### PROVIDED INFORMATION
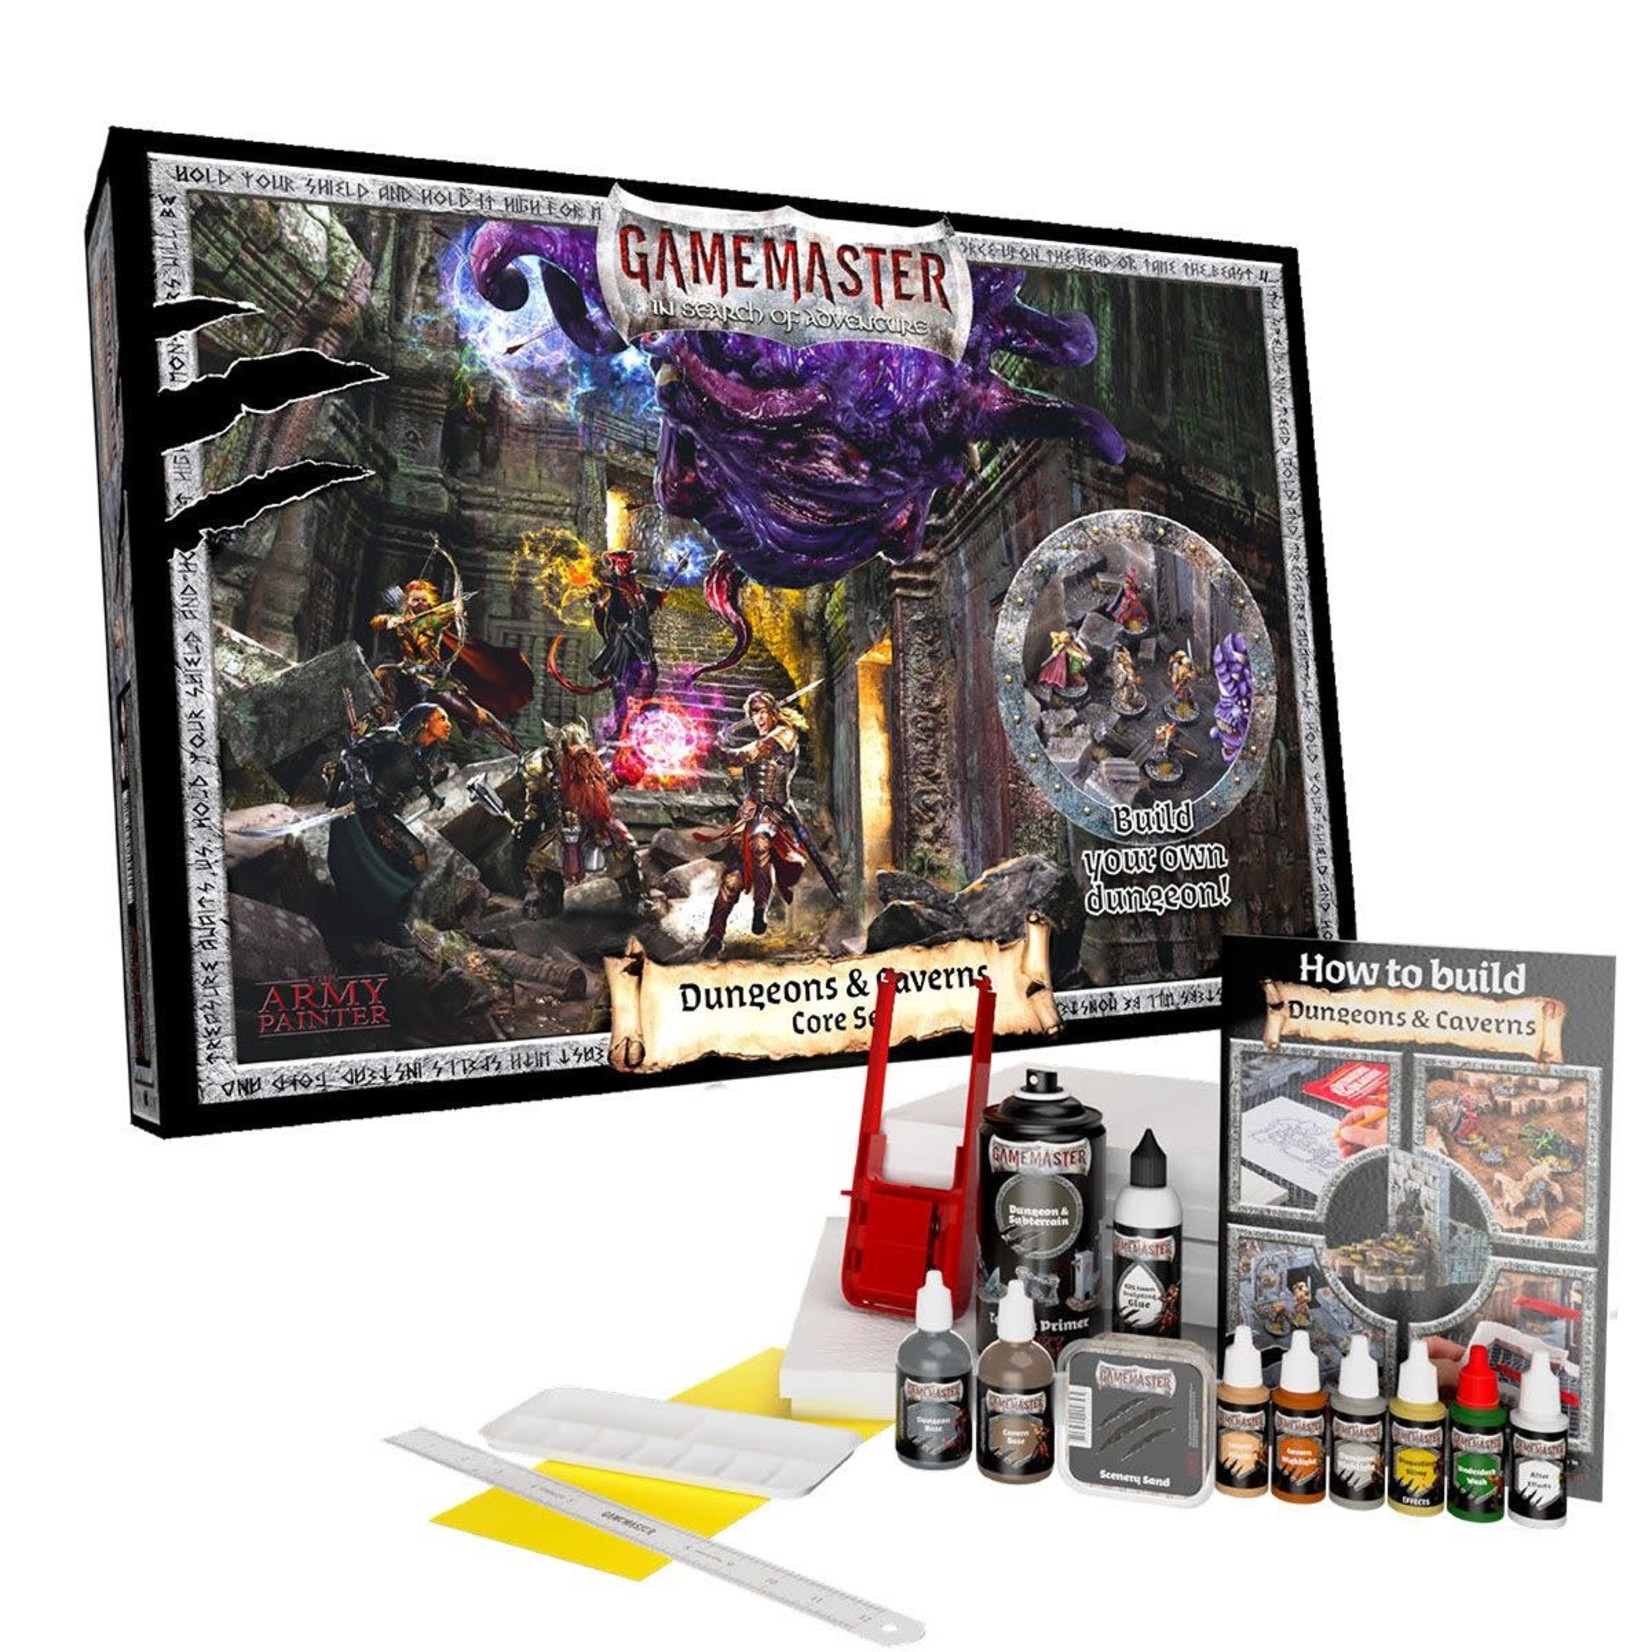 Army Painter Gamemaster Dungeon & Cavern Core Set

---

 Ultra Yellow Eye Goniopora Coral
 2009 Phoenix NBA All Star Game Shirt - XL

### TASK DESCRIPTION
Out of the entries above, write out only the lines between the line holding "Ultra Yellow Eye Goniopora Coral" and the line holding "2009 Phoenix NBA All Star Game Shirt - XL", inclusive, each exactly as given.

### ANSWER SPACE
 Ultra Yellow Eye Goniopora Coral
 2009 Phoenix NBA All Star Game Shirt - XL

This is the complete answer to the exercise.